(Task description): Below are entries with pictures among them; reproduce exactly, and only, the lines from the one containing "The Balm In" down to the one containing "Cheap Layer 8", without the pictures.

(Provided material):
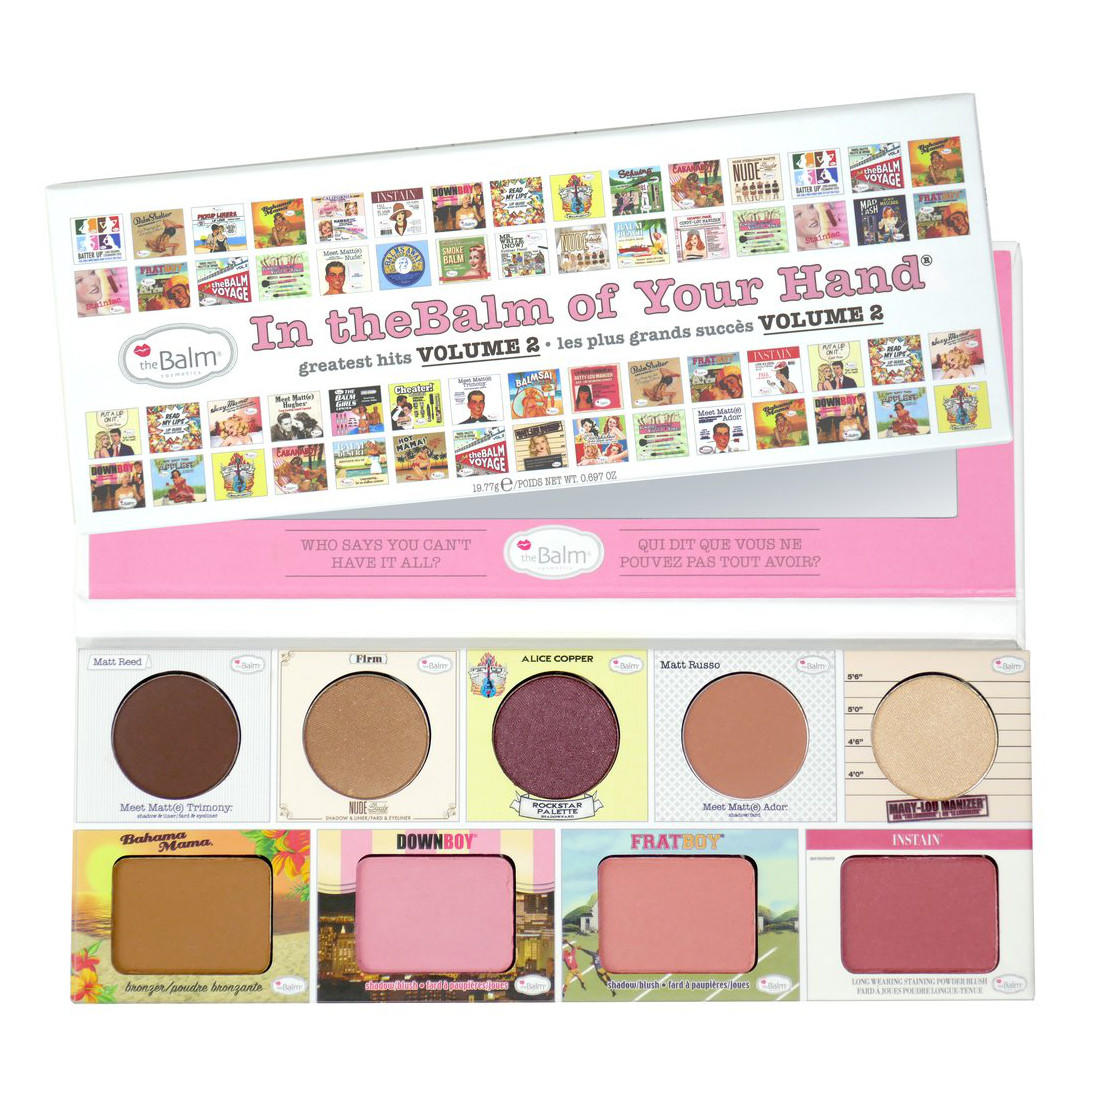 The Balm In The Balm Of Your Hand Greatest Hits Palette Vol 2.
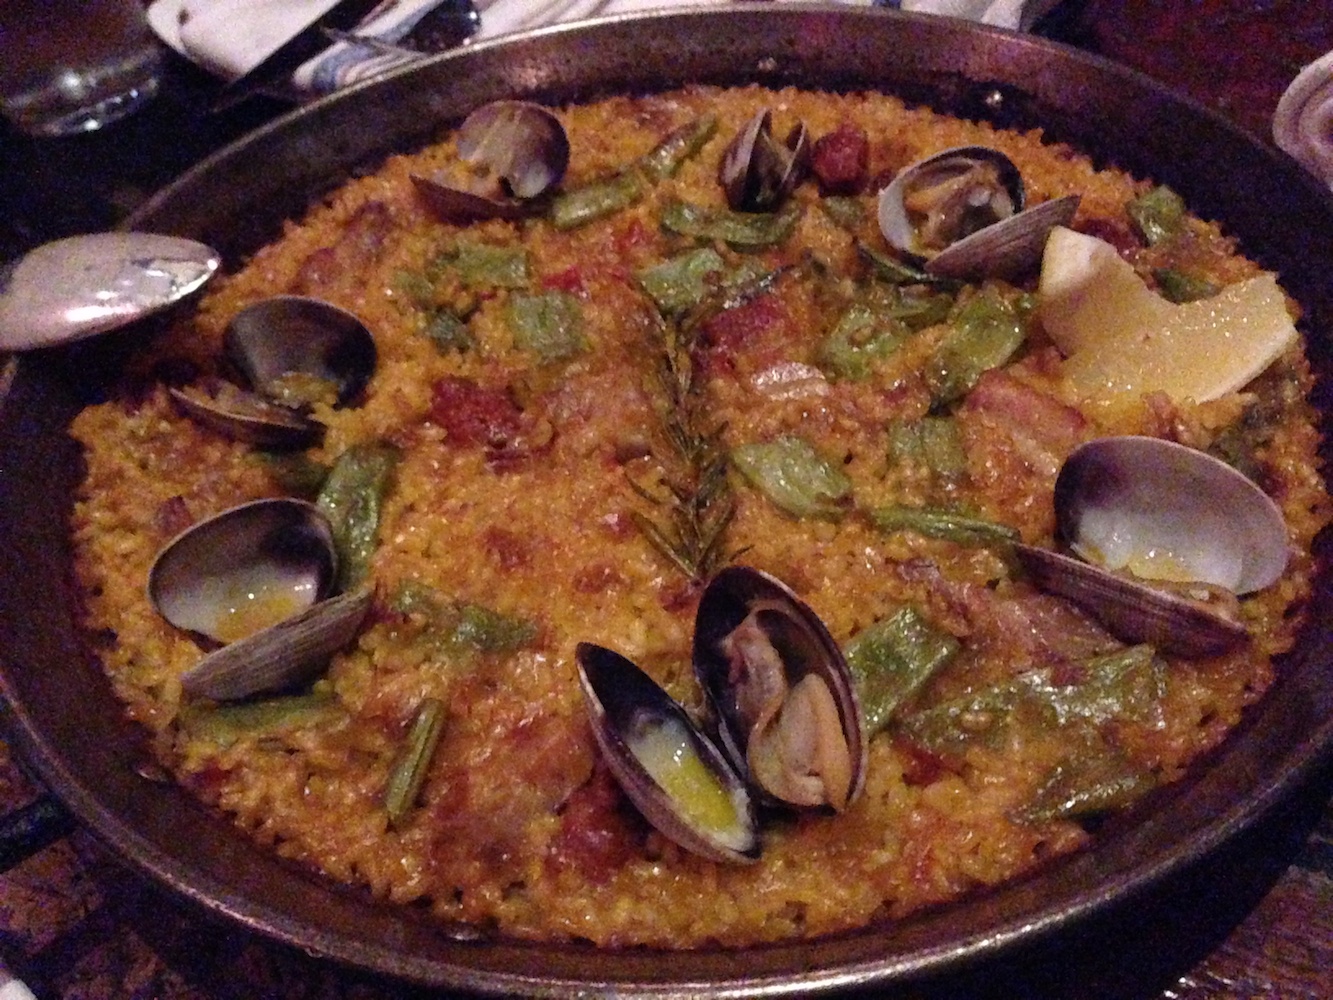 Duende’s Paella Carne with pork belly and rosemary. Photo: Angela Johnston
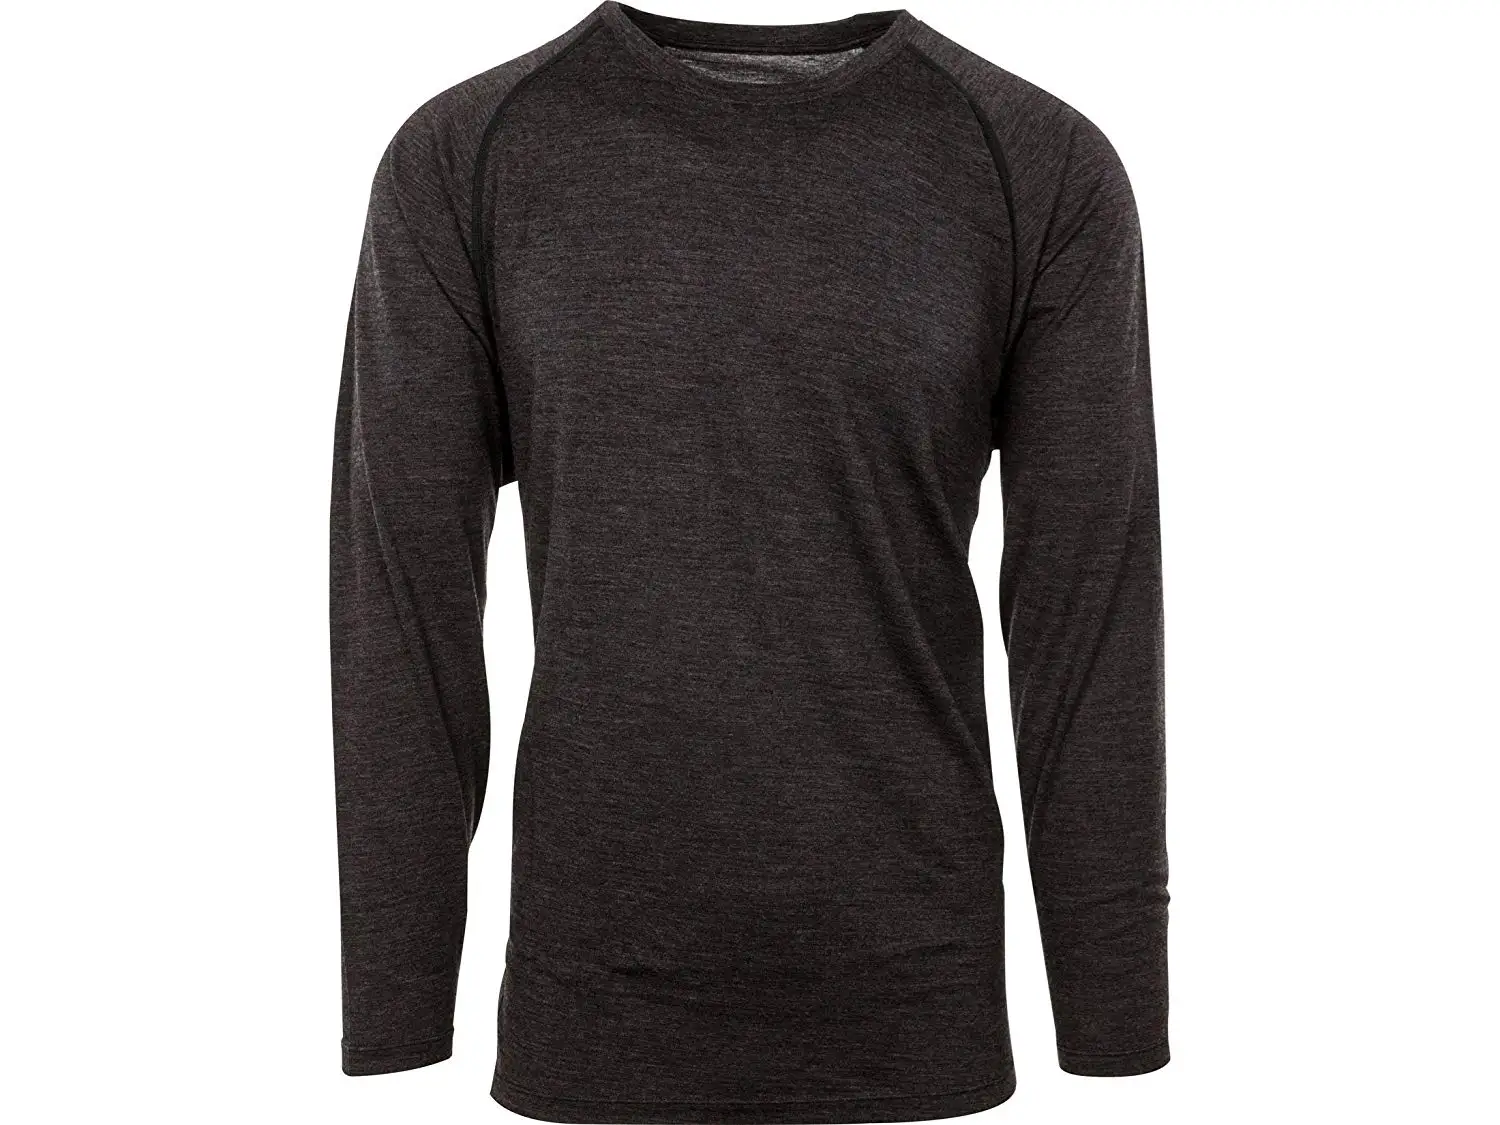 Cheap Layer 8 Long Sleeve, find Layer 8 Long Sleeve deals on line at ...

==

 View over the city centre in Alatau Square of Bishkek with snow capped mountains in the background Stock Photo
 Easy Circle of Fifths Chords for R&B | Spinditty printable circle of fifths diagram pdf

(Written reply):
 The Balm In The Balm Of Your Hand Greatest Hits Palette Vol 2.
 Duende’s Paella Carne with pork belly and rosemary. Photo: Angela Johnston
 Cheap Layer 8 Long Sleeve, find Layer 8 Long Sleeve deals on line at ...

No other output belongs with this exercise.